I have the following tables, relevant to this question:
project
- projectId (PK)
- projectTitle
- projectDescription
- etc..
tag
- tagId
- tagName
- tagDescription
- etc...
project_tag
- projectId (PK / FK -> project.projectId)
- tagId (PK / FK -> tag.tagId)
I'm implementing tag functionality similar to what StackOverflow has, in that one is able to view a list of items (projects, in my case) tagged by one or multiple tags. What I'm trying to do is select all projects that, at a minimum, are tagged with all tags that I feed to the query, but simultaneously retrieve all tags that go with each individual project.

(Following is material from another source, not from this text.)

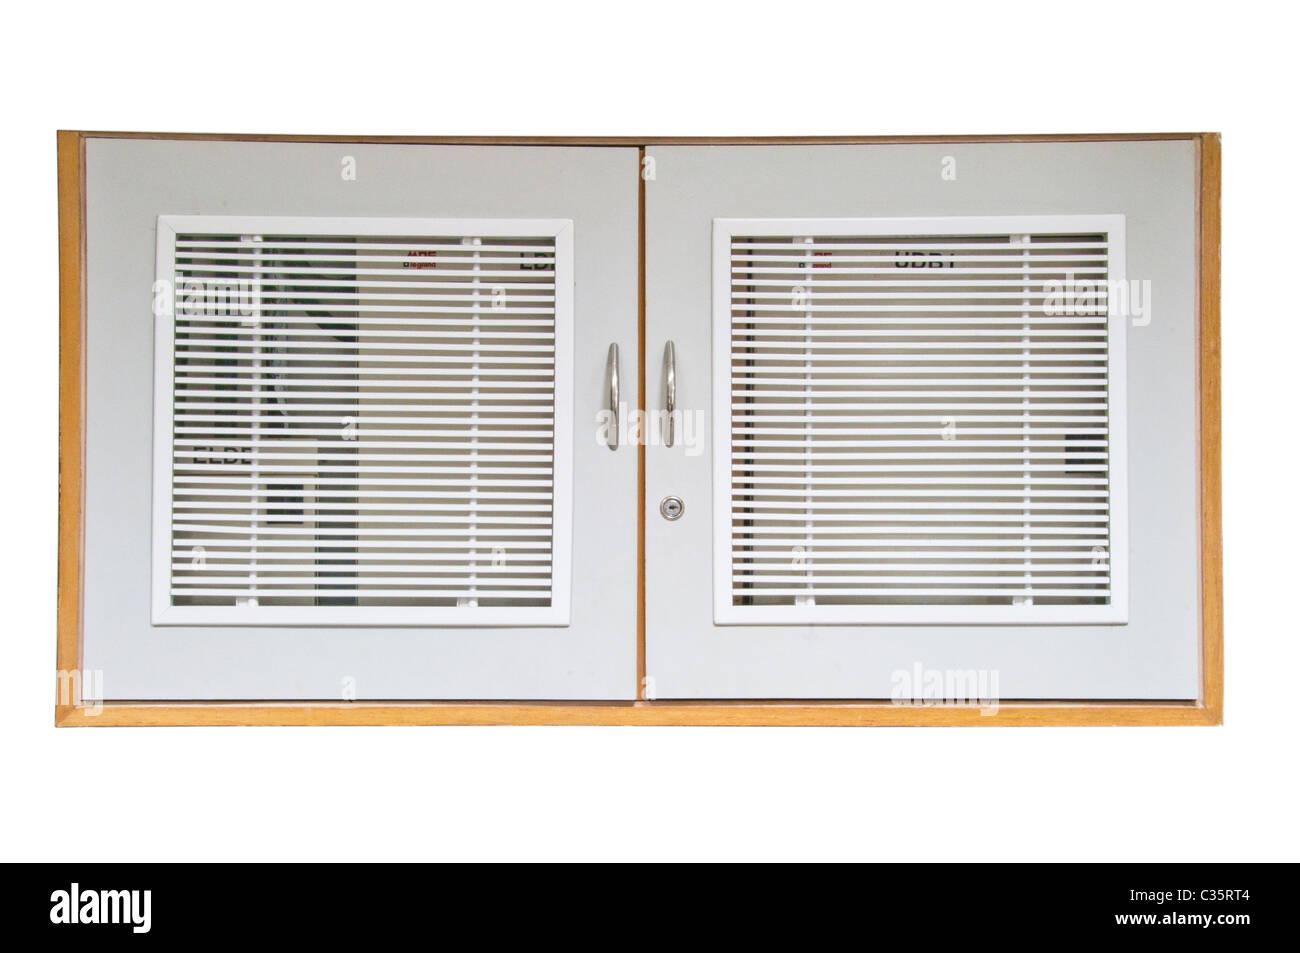 Closed shelves on white background - Stock Image

What I have now works, but I have the feeling that the subquery in the WHERE IN
clause is very inefficient, as this would probably be executed for each row, correct?
SELECT
`project`.*,
GROUP_CONCAT( DISTINCT `tagName` ORDER BY `tagName` SEPARATOR ' ' ) as `tags`
FROM
`project`
JOIN
`project_tag`
USING ( `projectId` )
JOIN
`tag`
USING ( `tagId` )
WHERE
`projectId` IN (
SELECT
`projectId`
FROM
`project_tag`
JOIN
`tag`
USING ( `tagId` )
WHERE
`tagName` IN ( 'the', 'tags' )
GROUP BY
`projectId`
HAVING
COUNT( DISTINCT `tagName` ) = 2 # the amount of tags in the IN clause
)
GROUP BY
`projectId`
Is there any way to JOIN on tag
such that I am able to simultaneously retrieve all tags for the JOIN
ed project, while only JOIN
ing projects that (at a minimum) match all tags I feed to the query, without having to use the WHERE IN
clause?
To illustrate an example result, consider these example projects:
projectId: 1, tags: php, cms, webdevelopment
projectId: 2, tags: php, cms, ajax
projectId: 3, tags: c#, cms, webdevelopment
Searching for the tags php
and cms
would yield (these are not formatted as the actual mysql query result, it's just to illustrate the relevant data):
projectId: 1, tags: php, cms, webdevelopment
projectId: 2, tags: php, cms, ajax
Not just:
projectId: 1, tags: php, cms
projectId: 2, tags: php, cms
The sub query is non correlated (it can be taken out and executed on its own without errors) so should be executed once.
Might be more efficient to have a subquery to exclude the non matching projects first, and join back the other tables against that. Something like this:-
SELECT project.*, GROUP_CONCAT( DISTINCT tagName ORDER BY tagName SEPARATOR ' ' ) as tags
FROM (SELECT projectId, COUNT( DISTINCT tagName ) AS TagCount
FROM tag
INNER JOIN project_tag USING (tagId)
WHERE tagName IN ( 'the', 'tags' )
GROUP BY projectId
HAVING TagCount = 2) Sub1
INNER JOIN project ON Sub1.projectId = project.projectId
INNER JOIN project_tag USING (projectId)
INNER JOIN tag USING (tagId)
GROUP BY projectId
I assume you have an index on tagName.